Подойдя к нему, он восхищенно похлопал его по мускулистым плечам:
- В артиллерию, тебя надо, один за весь расчет пушку таскать
сможешь.
    Голые призывники одобрительно засмеялись.               

- Вот это фактура! – седенький старичок в белом халате приветливо смотрел на вошедшего призывника.
- Круминьш! . Ян…Яныч? – посмотрел он в бумаги, - Мда,
приятно смотреть на такой, простите, образец античной скульптуры. Ну, давайте посмотрим, послушаем для порядка и для
очистки совести.               

   Доктор привлек его поближе и приложил к груди фонендоскоп. Поводив его туда-сюда, он отстранился и, подняв брови,
недоуменно посмотрел на него, потом нахмурился и еще раз
приложился к его груди, встал и, обойдя его, пощекотал спину
прохладным кружочком. Сев на стул, он потеряно потер рукой
лицо.
- Где же вы, батенька, успели так сердце надорвать? Плохо у
вас с сердцем, очень плохо. Лечиться вам надо и срочно. Делая пометки в бумагах, он сокрушенно качал головой:
- Это же надо. В таком теле и такое сердце, - глядя в спину
уходящему, он не переставал качать головой. Настроение у него
резко ухудшилось.               

- Я не буду служить в их армии, - сказал он дома вопросительно глядящей на него матери.
Глаза ее радостно раскрылись, потом она отошла и захлопотала у печи. Он с тревогой смотрел на нее. Мать похудела и
таяла на глазах. Странно, но эта худоба делала ее еще красивее,
утонченнее. Он гордился ей, какая она красивая и стройная, не
то, что эти местные бабы.
- Мама, - робко подошел он к ней, - может, тебе к врачу сходить?
Она ласково посмотрела на него:
- У меня ничего не болит. Просто устаю я очень почему- то.
- Ну, тогда отдыхай почаще. Я уже работаю, и тебе не надо
ходить в магазин.
- Там нетрудная работа, сынок, и отдыхать я буду чаще.
- Ну, ладно. Можно я пойду к Эльзе?
- Иди, - ласково улыбнулась мать.               

   Работал он уже почти год. Работа вальщиком леса нравилась
ему, он быстро овладел бензопилой «Дружба». В его сильных
руках она играла и пела. Нетрудно было научиться валить лес в
одном направлении, в «елочку». Его «елочка» вскоре оказалась
аккуратнее и стройнее, чем у других вальщиков. Но самое главное, что он был один на один с собой.
   Свобода и одиночество
– вот то, что было нужно ему для полного душевного равновесия. Здесь можно было замереть и переждать приступы сердечной боли, которые становились все чаще.      

  К врачу он так и не
пошел, как советовал ему сухонький старичок. После приступов приходил в себя он все дольше и дольше. Сил не было, тело
становилось ватным. Уже все чаще трактористу приходилось
простаивать, пока он навалит лес и отойдет подальше, чтобы
ненароком не попасть под падающие стволы.
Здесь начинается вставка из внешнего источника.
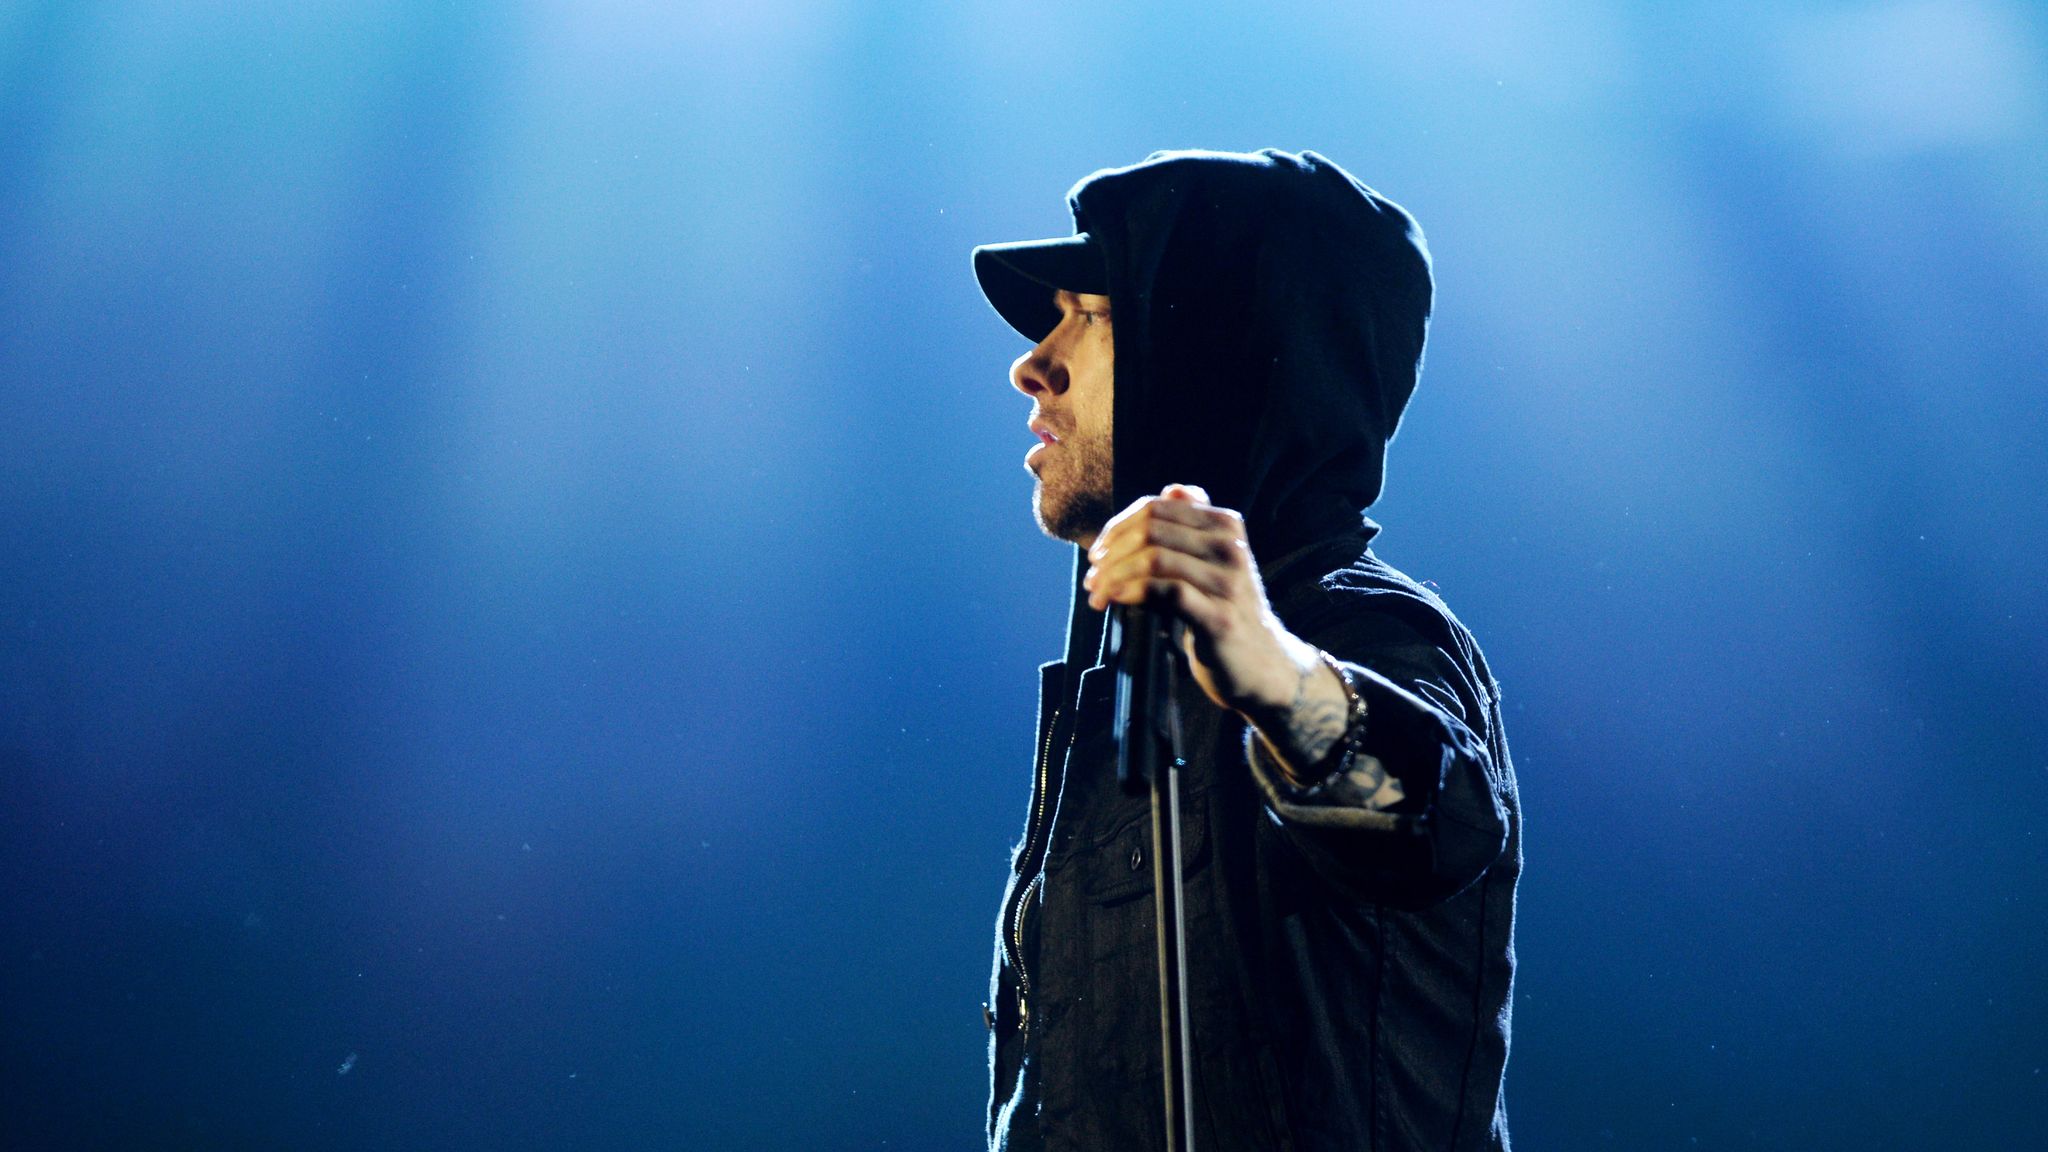 Eminem world tour The rapper is back and heading for Twickenham

   Дома тоже было плохо. Мать слабела с каждым днем и однажды, придя с работы, он не застал ее дома. Участливая соседка сказала, что мать
упала во дворе, и ее отнесли в больницу.
Он пошел к ней как был, в рабочей одежде. Мать лежала на
кровати бледная и тихая. Увидев его, она виновато улыбнулась.

   Он гладил ее по руке, говорил тихие, успокаивающие слова о
том, что скоро закончится срок их высылки, и они смогут вернуться в родную Латвию, а там, на родной земле, в их родном
хуторе, она быстро выздоровеет. Мать согласно прикрывала
глаза, счастливо улыбалась и незаметно заснула.

  Приземистый, рыжеватый врач с плутоватыми глазами,
пригласил его в свой кабинет:
- Я еще не знаю результатов анализов, их только недавно отправили в город, но я подозреваю, что у нее опухоль…злокачественная, - и видя, что его слова не произвели надлежащего
впечатления, добавил – это рак, и очень запущенный.
Он вздрогнул и пристально взглянул на врача, тот удручающе скривил губы.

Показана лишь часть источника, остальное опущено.